▶ _MATERIAL PROVIDED_
↓↓↓

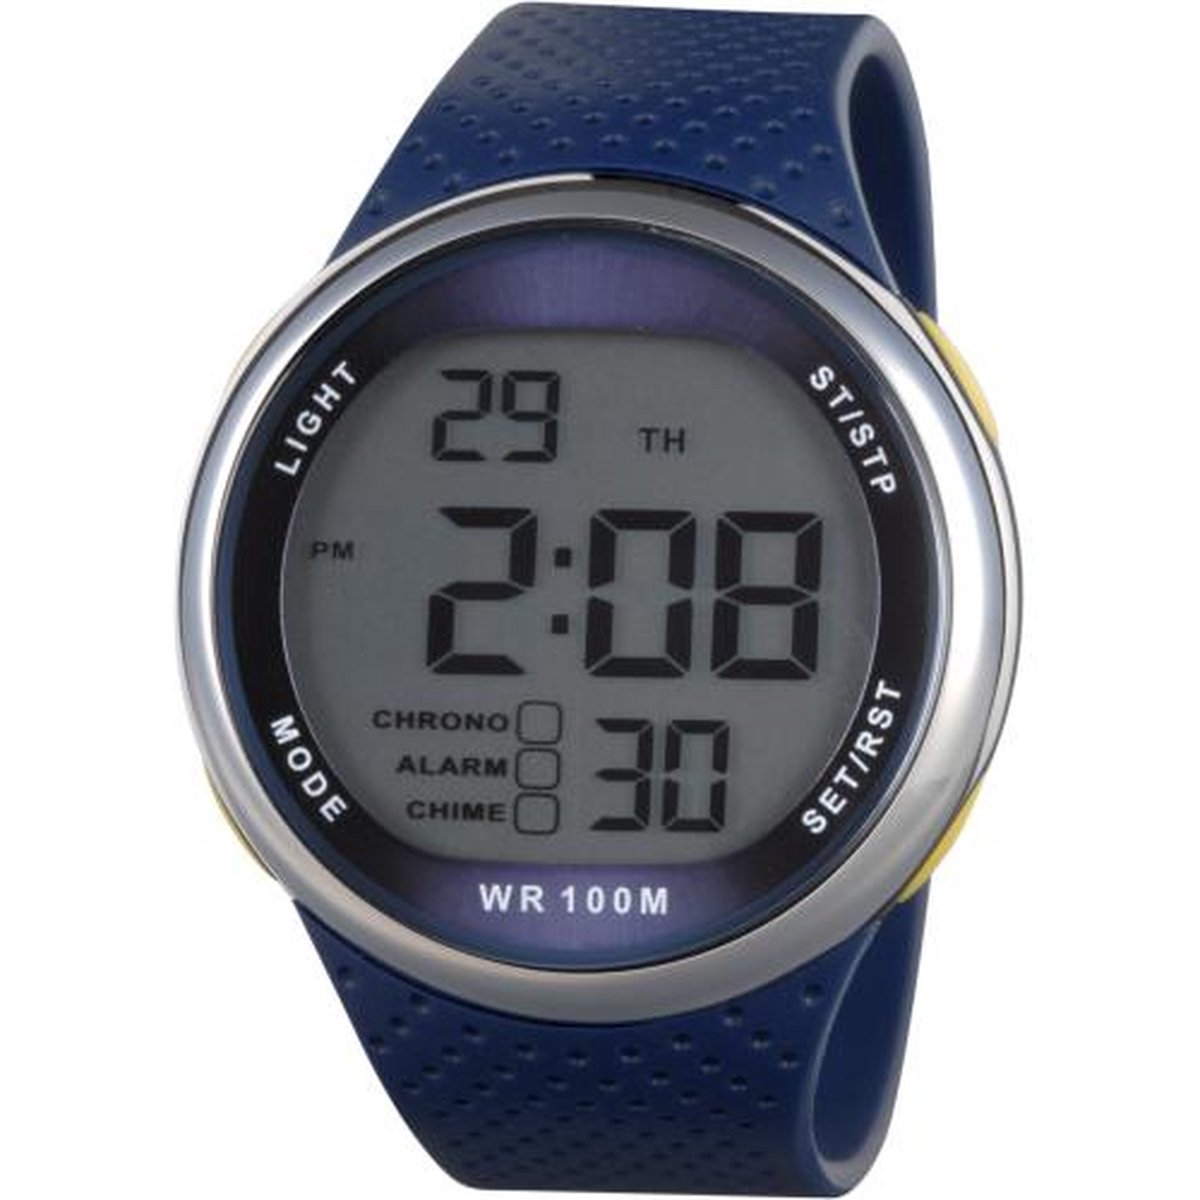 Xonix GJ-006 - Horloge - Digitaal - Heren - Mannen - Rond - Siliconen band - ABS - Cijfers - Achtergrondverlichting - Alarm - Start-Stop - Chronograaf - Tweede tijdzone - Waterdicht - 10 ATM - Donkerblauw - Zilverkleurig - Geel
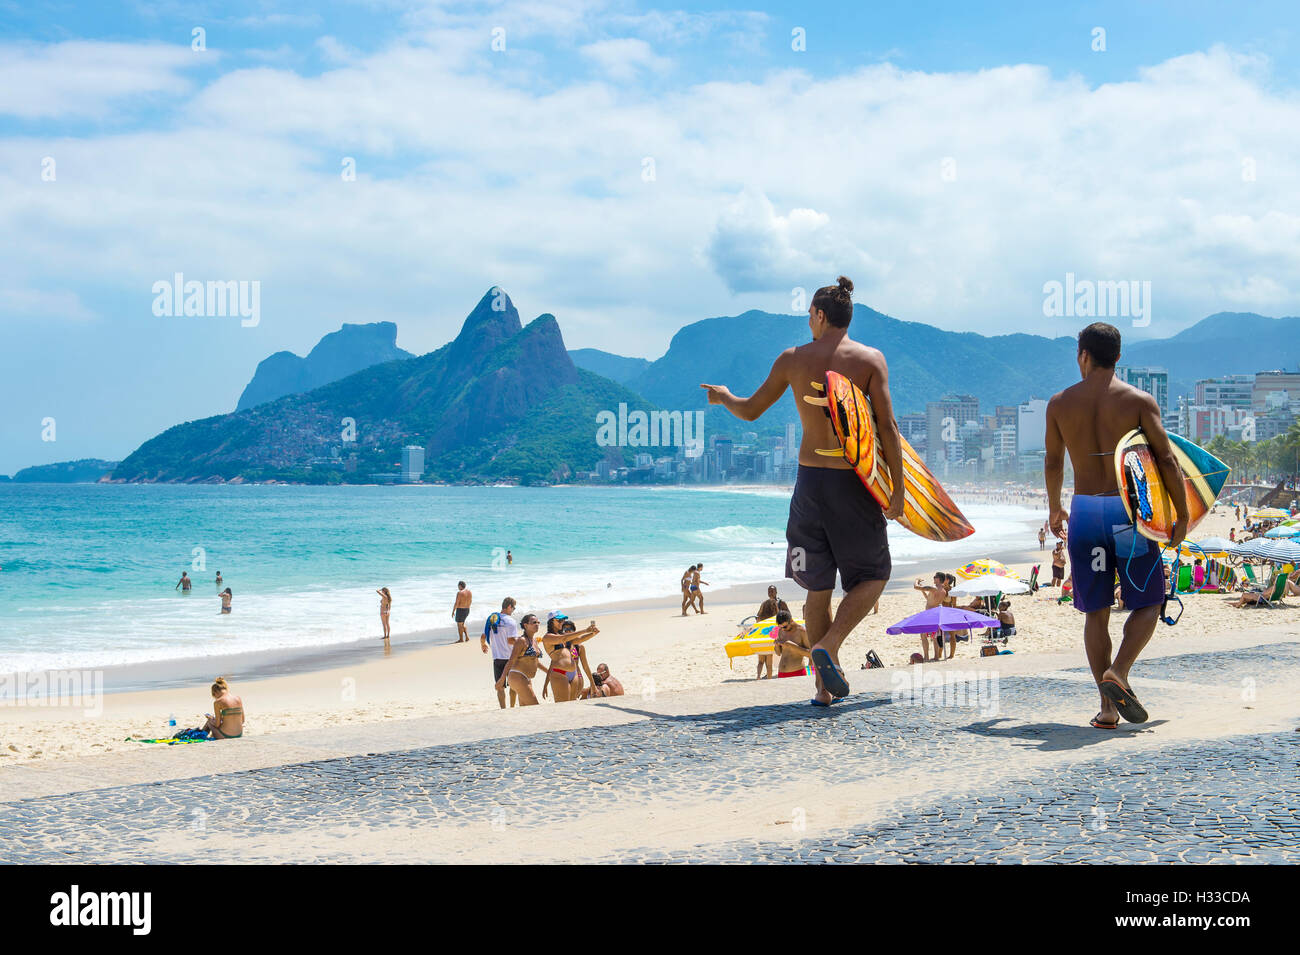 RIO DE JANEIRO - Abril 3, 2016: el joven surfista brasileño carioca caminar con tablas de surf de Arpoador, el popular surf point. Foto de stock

↑↑↑
↓↓↓

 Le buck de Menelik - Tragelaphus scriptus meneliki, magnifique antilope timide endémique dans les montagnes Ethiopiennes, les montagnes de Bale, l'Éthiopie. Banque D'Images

↑↑↑

Using the entries above, transcribe exactly from the line that has "Xonix GJ-006 - Horloge" through the line that has "RIO DE JANEIRO". Pictures are dropped.

 Xonix GJ-006 - Horloge - Digitaal - Heren - Mannen - Rond - Siliconen band - ABS - Cijfers - Achtergrondverlichting - Alarm - Start-Stop - Chronograaf - Tweede tijdzone - Waterdicht - 10 ATM - Donkerblauw - Zilverkleurig - Geel
 RIO DE JANEIRO - Abril 3, 2016: el joven surfista brasileño carioca caminar con tablas de surf de Arpoador, el popular surf point. Foto de stock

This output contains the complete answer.